如何从 XML int Python 中获取一些值?
How can I get some value from XML int Python?
我在 xml 中有此站点地图。我怎样才能得到每个 <loc>
?
<?xml version="1.0" encoding="UTF-8"?>
<urlset
xmlns="http://www.sitemaps.org/schemas/sitemap/0.9"
xmlns:xsi="http://www.w3.org/2001/XMLSchema-instance"
xsi:schemaLocation="http://www.sitemaps.org/schemas/sitemap/0.9
http://www.sitemaps.org/schemas/sitemap/0.9/sitemap.xsd">
<!-- created with Free Online Sitemap Generator www.xml-sitemaps.com -->
<url>
<loc>https://www.nsnam.org/wiki/Main_Page</loc>
<lastmod>2018-10-24T03:03:05+00:00</lastmod>
<priority>1.00</priority>
</url>
<url>
<loc>https://www.nsnam.org/wiki/Current_Development</loc>
<lastmod>2018-10-24T03:03:05+00:00</lastmod>
<priority>0.80</priority>
</url>
<url>
<loc>https://www.nsnam.org/wiki/Developer_FAQ</loc>
<lastmod>2018-10-24T03:03:05+00:00</lastmod>
<priority>0.80</priority>
</url>
程序看起来像这样。
import os.path
import xml.etree.ElementTree
import requests
from subprocess import call
def creatingListOfBrokenLinks():
if (os.path.isfile('sitemap.xml')):
e = xml.etree.ElementTree.parse('sitemap.xml').getroot()
file = open("all_broken_links.txt", "w")
for atype in e.findall('url'):
r = requests.get(atype.find('loc').text)
print(atype)
if (r.status_code == 404):
file.write(atype)
file.close()
if __name__ == "__main__":
creatingListOfBrokenLinks()
建议使用elementtree标准库包:
from xml.etree import ElementTree as ET
SITEMAP = """<?xml version="1.0" encoding="UTF-8"?>
<urlset
xmlns="http://www.sitemaps.org/schemas/sitemap/0.9"
xmlns:xsi="http://www.w3.org/2001/XMLSchema-instance"
xsi:schemaLocation="http://www.sitemaps.org/schemas/sitemap/0.9
http://www.sitemaps.org/schemas/sitemap/0.9/sitemap.xsd">
<!-- created with Free Online Sitemap Generator www.xml-sitemaps.com -->
...
...
</urlset>"""
urlset = ET.fromstring(SITEMAP)
loc_elements = urlset.iter("{http://www.sitemaps.org/schemas/sitemap/0.9}loc")

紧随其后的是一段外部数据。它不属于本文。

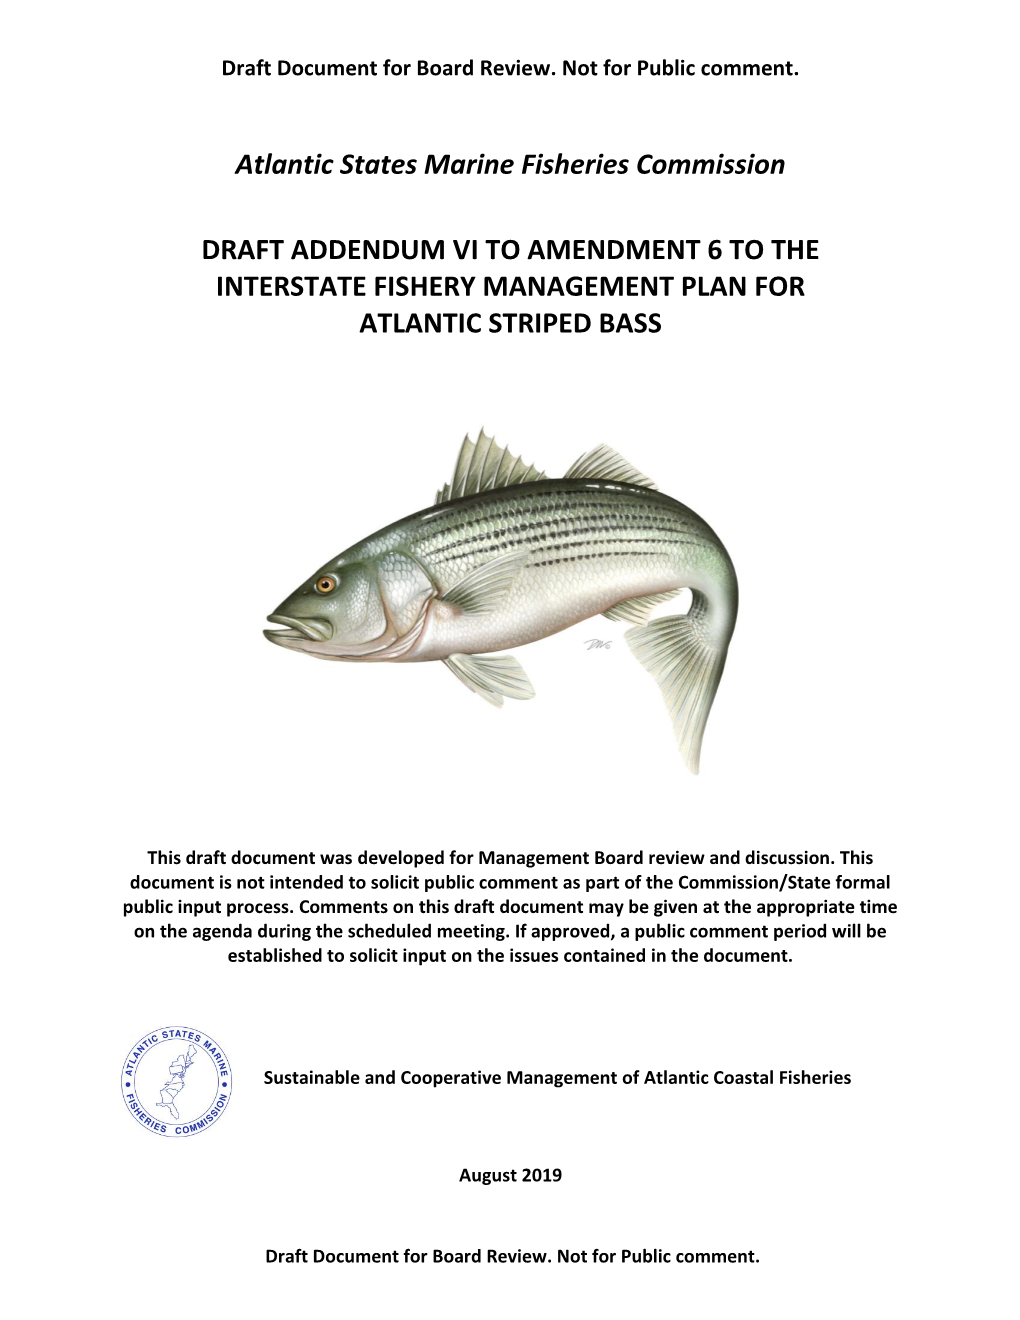 Atlantic States Marine Fisheries Commission DRAFT ADDENDUM

for loc_element in loc_elements:
print(loc_element.text)
文档链接:
更新:
- 您的代码出错的地方是 XML 命名空间处理。
- 此外,我的示例使用
.iter()
而不是 .findall()
/ .find()
来直接获取 loc
元素。根据 XML 的结构和用例,这可能可行也可能不可行。
你的代码在我这边工作得很好。您所要做的就是在 url
和 loc
之前添加:{http://www.sitemaps.org/schemas/sitemap/0.9}
这里:
import os.path
import xml.etree.ElementTree
import requests
from subprocess import call
def creatingListOfBrokenLinks():
if (os.path.isfile('sitemap.xml')):
e = xml.etree.ElementTree.parse('sitemap.xml').getroot()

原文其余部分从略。